Pension Credit - What is Pension Credit?
Pension Credit is extra money for low income pensioners to bring their weekly income up to a minimum amount.
- Last reviewed 18 September 2023
What is Pension Credit?
Pension Credit is a means-tested benefit for people on a low income who have reached the Pension Credit qualifying age.
Pension Credit has two parts – Guarantee Pension Credit and Savings Pension Credit. You may be able to get one or both parts depending on your circumstances.
Guarantee Pension Credit tops up your weekly income if you have a low income.
Savings Pension Credit is an extra payment to reward people who have prepared for their retirement by having some savings or income.

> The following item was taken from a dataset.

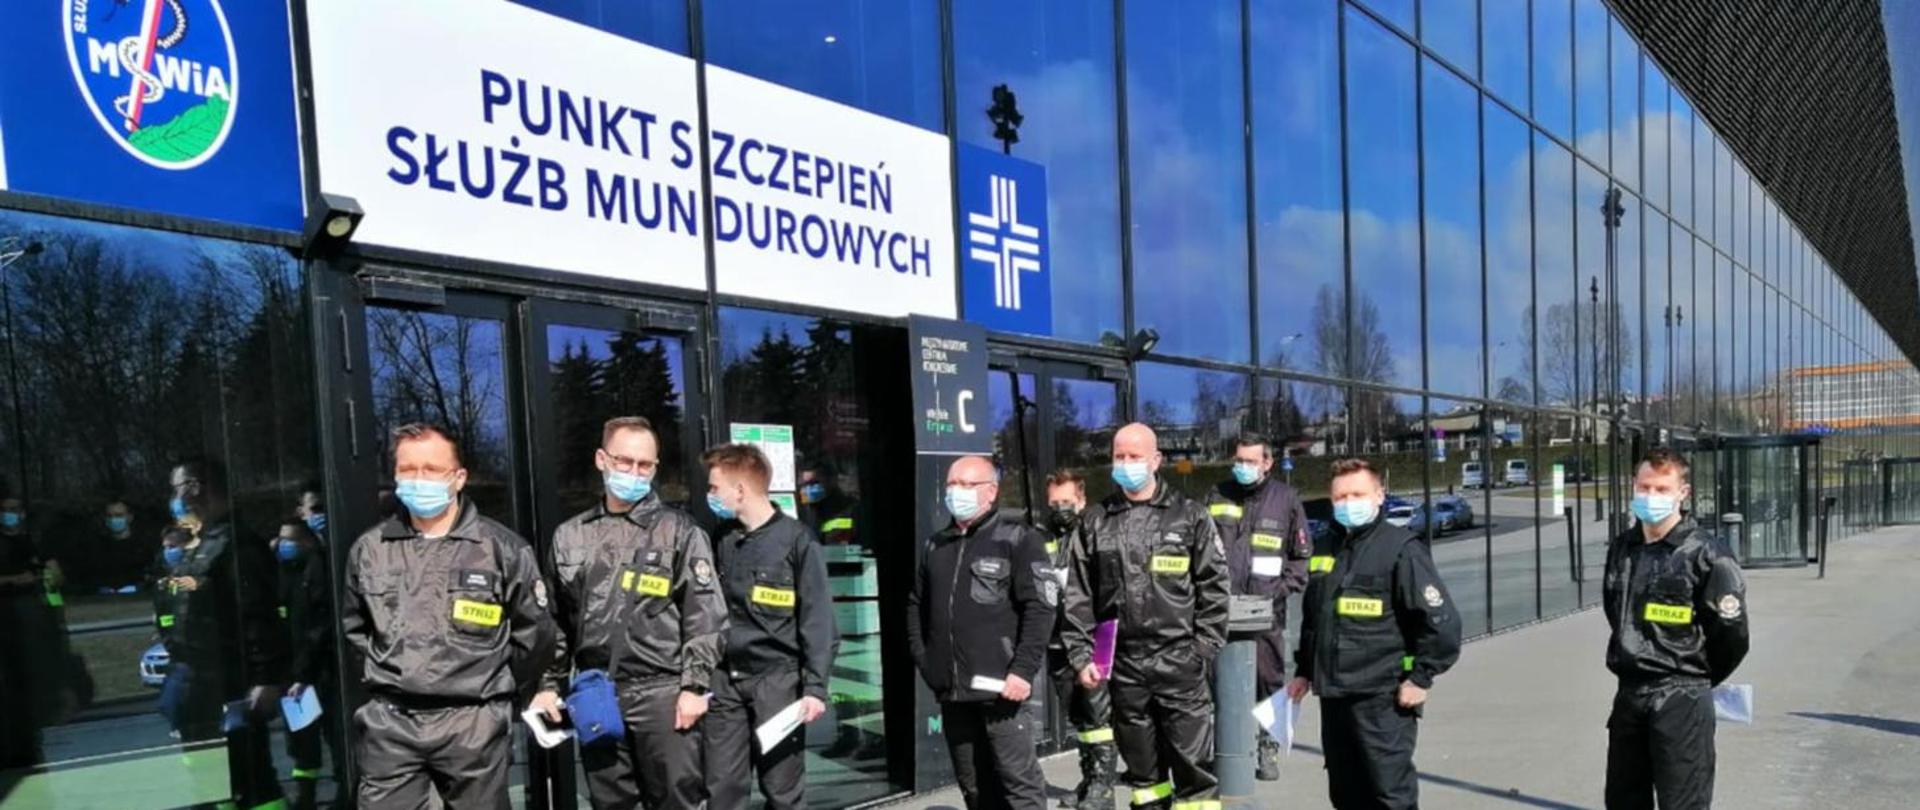 Zdjęcie przedstawia 9 strażaków ubranych w ubraniu koszarowym stojących przed drzwiami budynku MCK w Katowicach w kolejce do szczepienia. Nad drzwiami widnieje napis Punkt Szczepień Służb Mundurowych.

You can claim Pension Credit whether or not you are still working. You do not need to have paid any national insurance contributions.

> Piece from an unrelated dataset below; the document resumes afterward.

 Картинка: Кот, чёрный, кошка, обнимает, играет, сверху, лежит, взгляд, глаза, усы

There are different rules for getting the Guarantee Pension Credit and the Savings Pension Credit.
To claim Guarantee Pension Credit, you must be State Pension age.
The Savings Pension Credit can be claimed by men and women aged 65 or over. You must also have reached State Pension age before 6 April 2016, but see Gov.UK website page on Pension Credit for further information on whether couples can qualify.
You can work out the exact date of your State Pension age by using the State Pension age calculator on Gov.UK website.
Applies to: England, Wales, Scotland and Northern Ireland
Age rules: The age rules are different for the two parts of Pension Credit, see ‘Can I get Pension Credit’ for further details.